Data below –

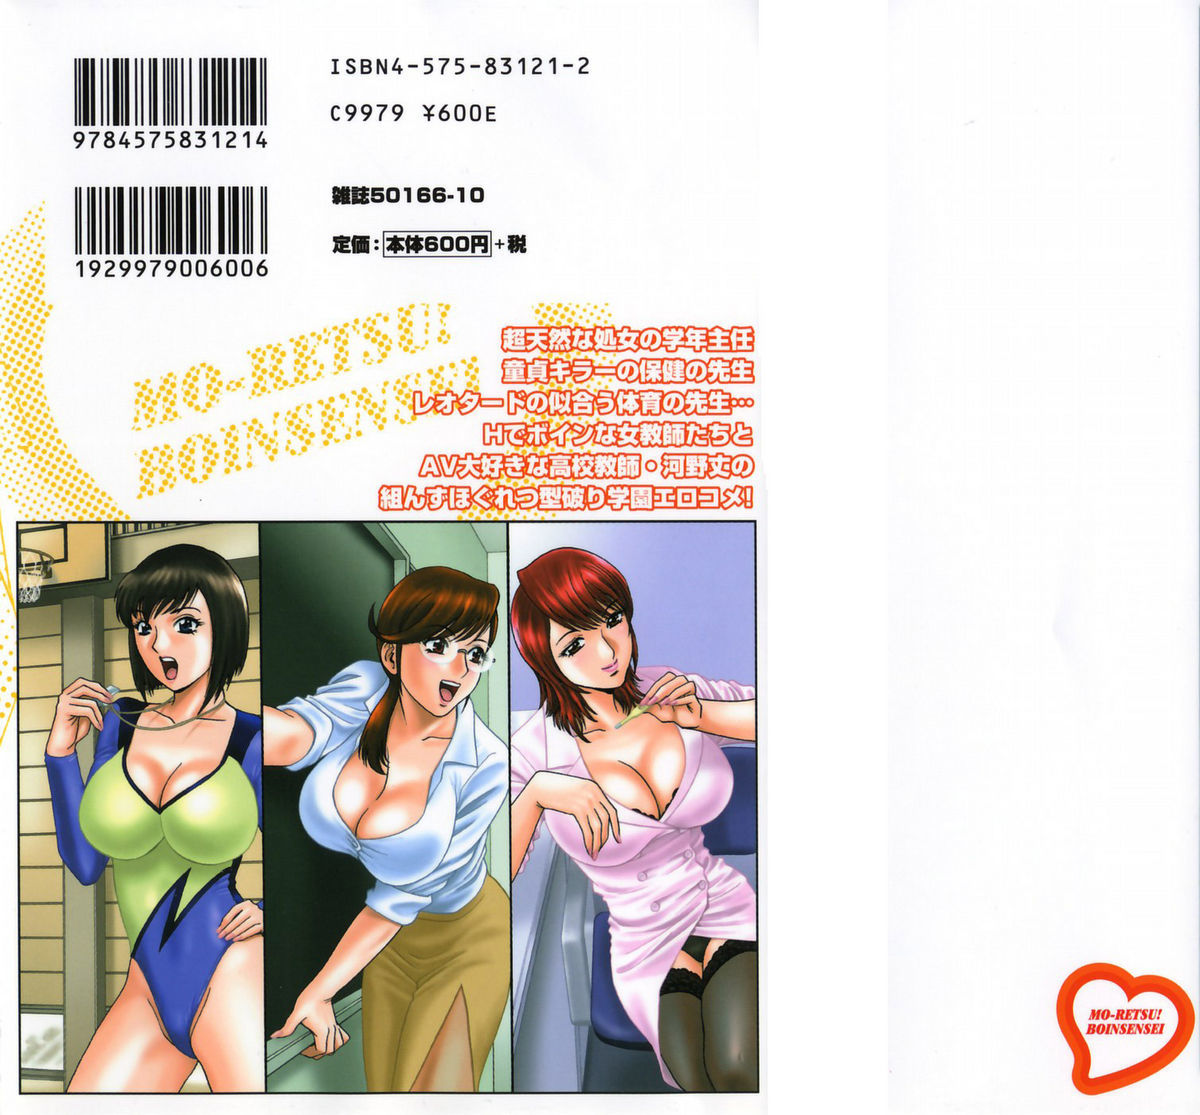 Mo-Retsu! Boin SenseiVol.1 1 hentai manga
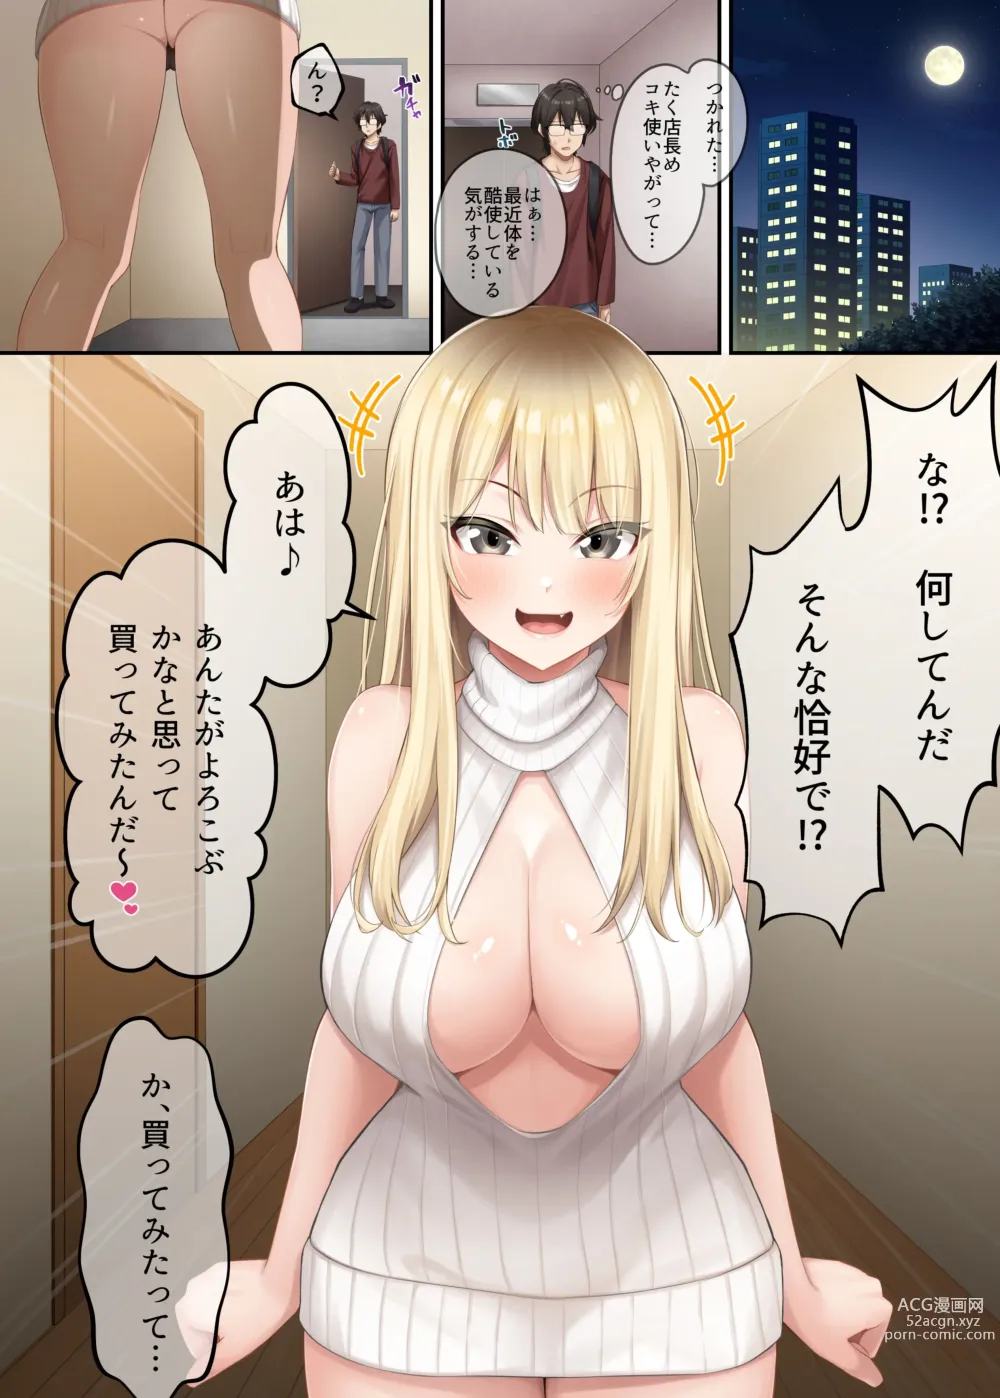 Page 8 of doujinshi 家庭教師として居候したはずが、エロいギャル達とセックスばかりしています。2
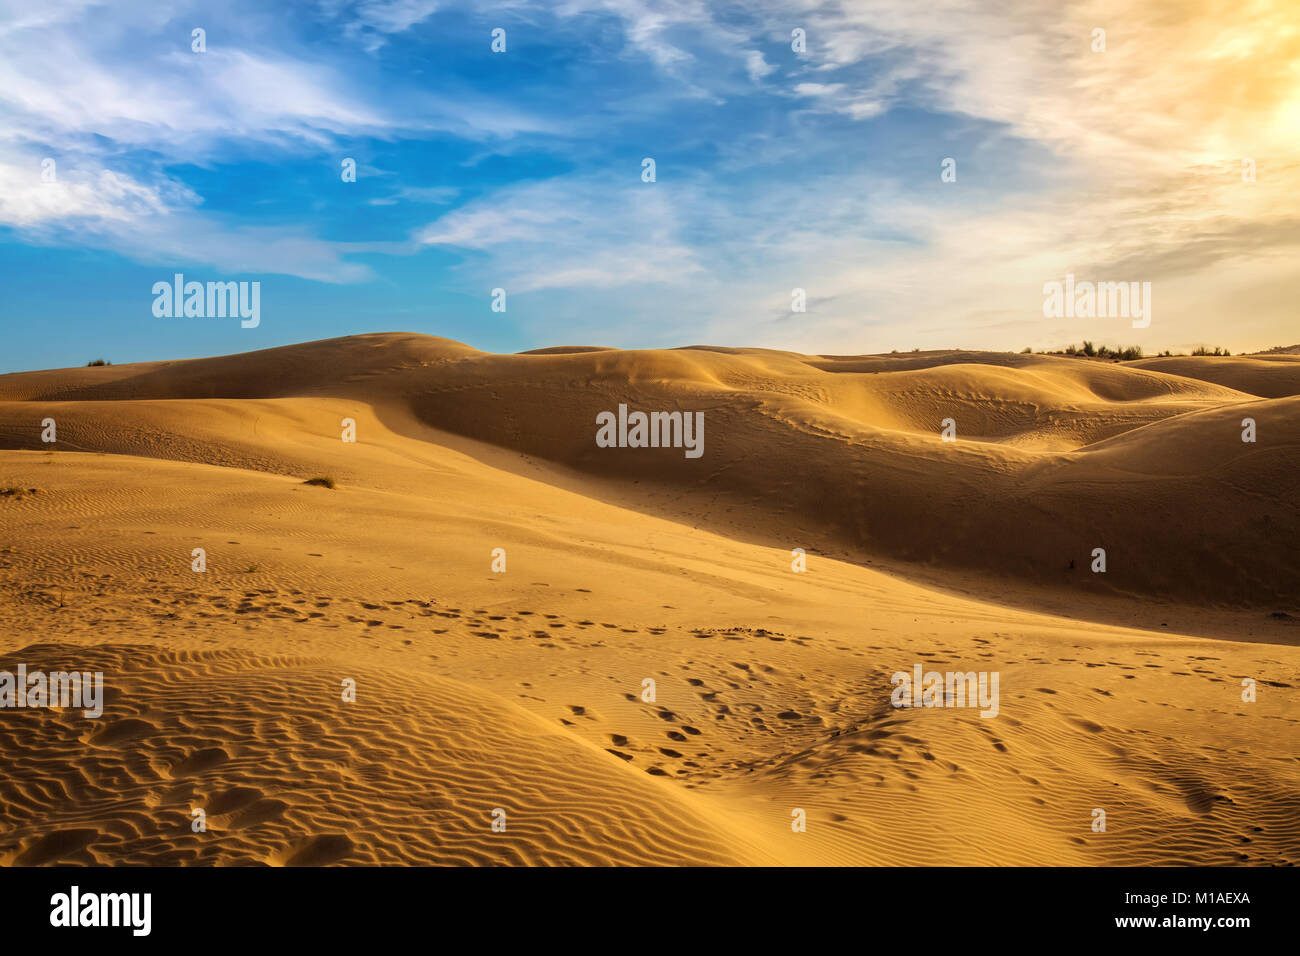 Désert du Thar coucher de soleil avec des dunes de sable à Jaisalmer, Rajasthan Inde. Banque D'Images

Assigned task – Give back the whole listing exactly as it stands. No pictures belong in the copy.

Result of this exercise –
 Mo-Retsu! Boin SenseiVol.1 1 hentai manga
 Page 8 of doujinshi 家庭教師として居候したはずが、エロいギャル達とセックスばかりしています。2
 Désert du Thar coucher de soleil avec des dunes de sable à Jaisalmer, Rajasthan Inde. Banque D'Images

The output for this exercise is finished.